I thought the Gruen Nation was really very interesting. A worthy addition to the analysis, I thought. Something which went a little deeper some some of the traditional analysis of election campaigns by offering an insight into the way in which political advertising is constructed.

I’m still waiting for The Chaser to turn up on iview, but hopefully that will be there before bedtime tonight.

Speaking Out CD

Speaking Out CD

Something which did turn up – unexpectedly – as I was surfing the net tonight is a new CD on the ABC Shop website. It’s a CD which celebrates the twentieth anniversary of the ABC Radio program, Speaking Out. It’s an Indigenous affairs program, and one which comes under my management.

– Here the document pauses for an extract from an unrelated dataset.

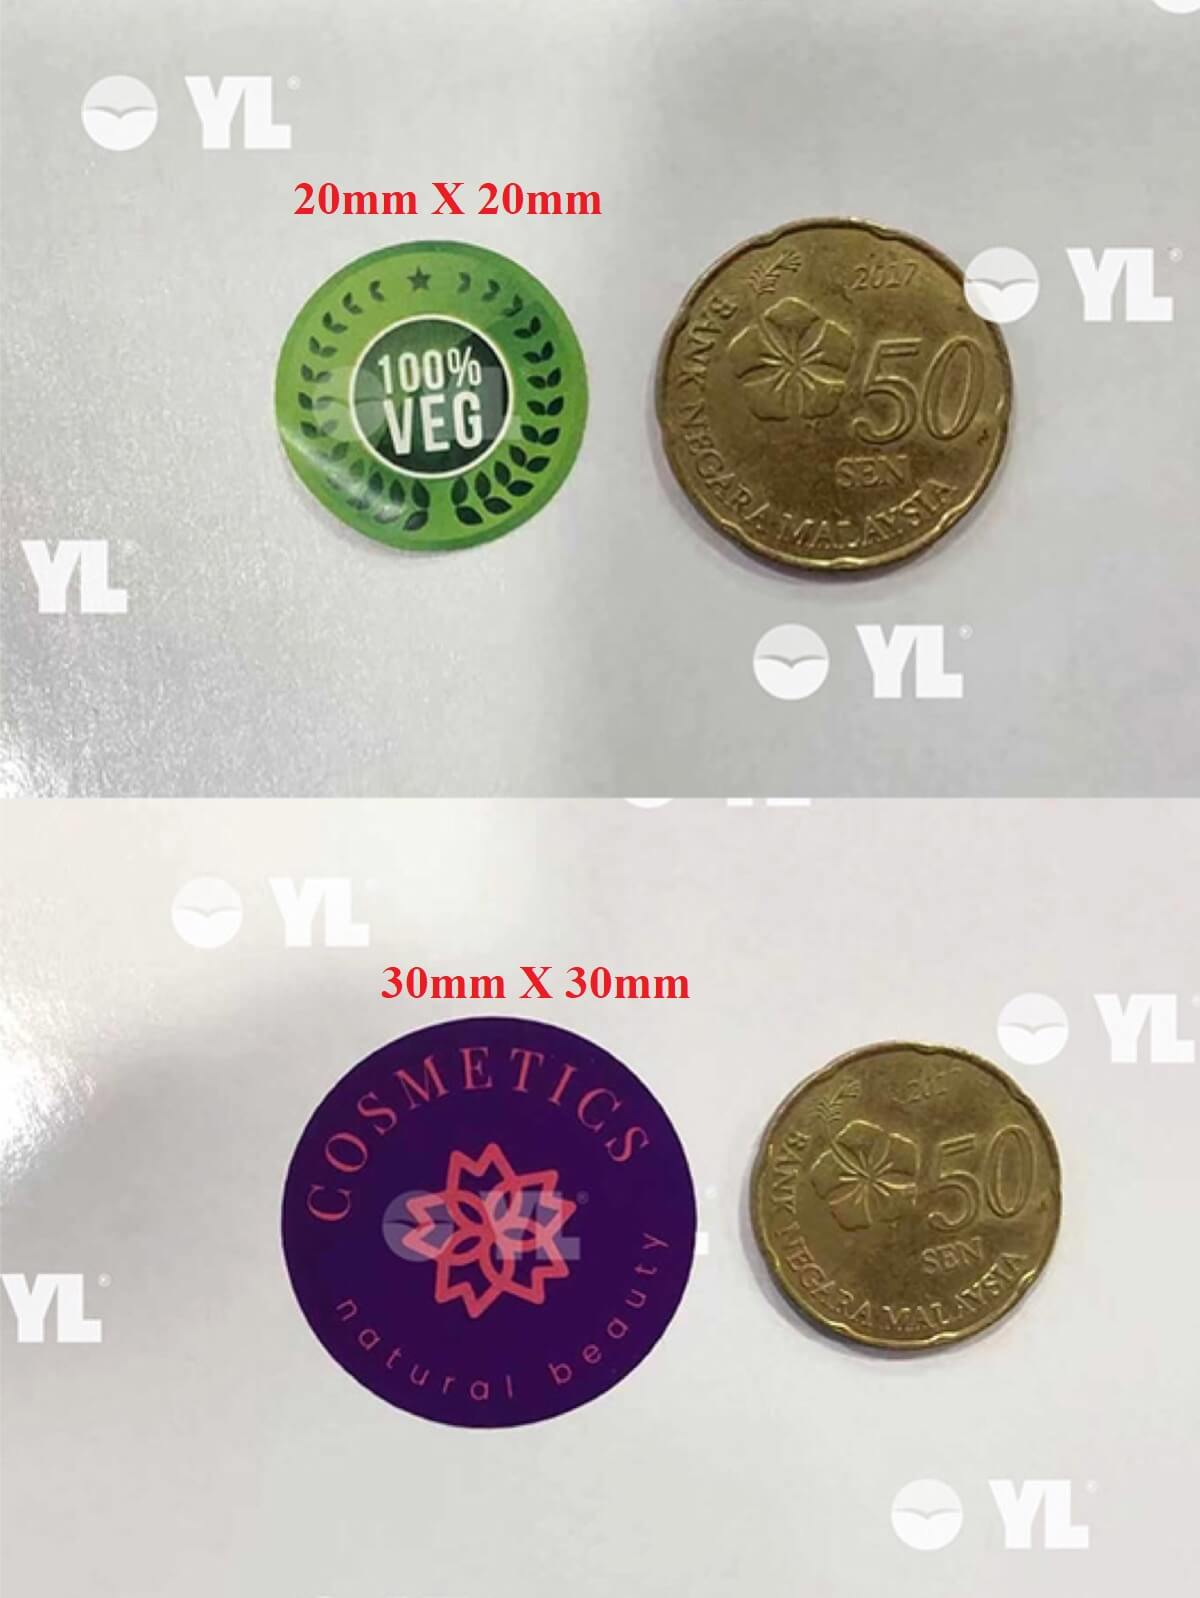 https://www.yl.com.my:449/admin/uploads/products/09364ca9-1926-4984-8a41-0bb61650151a/20mm-30mm_3275.jpg
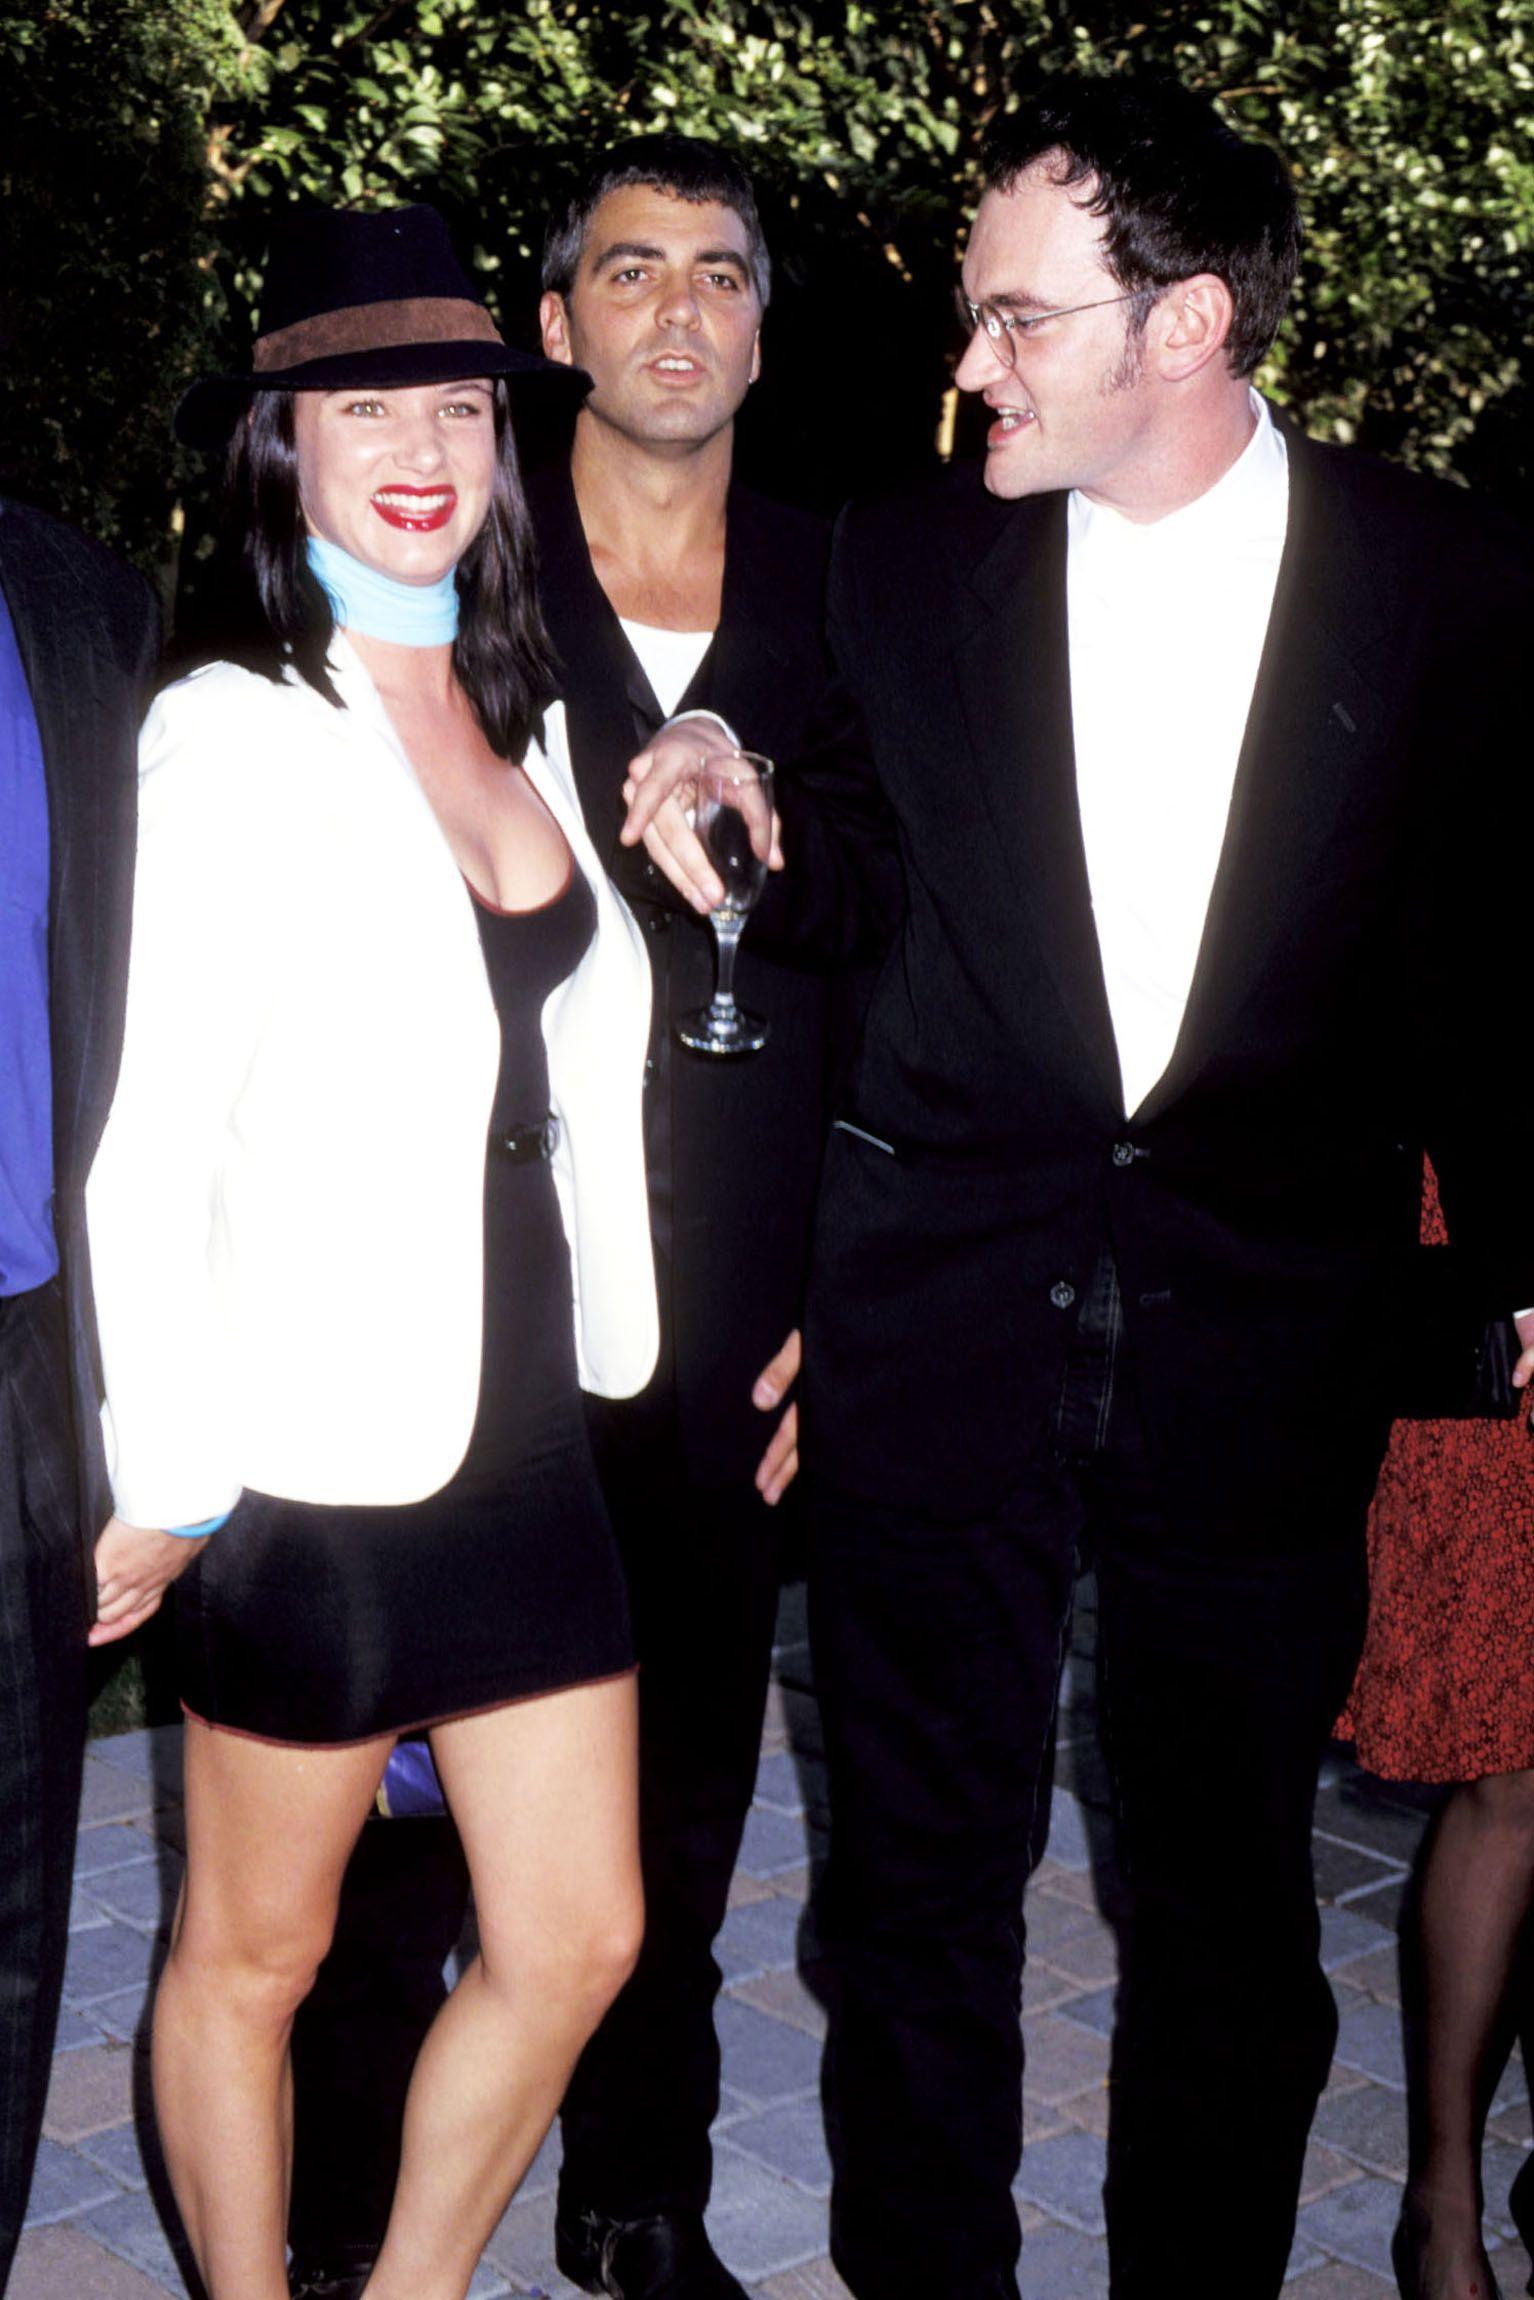 Juliette Lewis, Clooney, and Quentin Tarantino in Burbank, Ca.

Although we’ve yet to see a completed CD – still a few weeks away – I’ve seen the final artwork, and was lucky enough tonight to have a CD burn to listen in a proper sequence. And guess what? It’s bloody good. It’s really, very, very listenable. Love it.

Well, it could do with a bonus Sami track… but otherwise very good, and I’m very proud of it.

Great work Rhianna!

  1. After the three years of experience with a PVR, if yours receives a program guide, it is best to record via the guide. Even commercial stations are more inclined to tell the truth of program times in the guide. If you have the option of time padding, that is adding time to all recording times, do so.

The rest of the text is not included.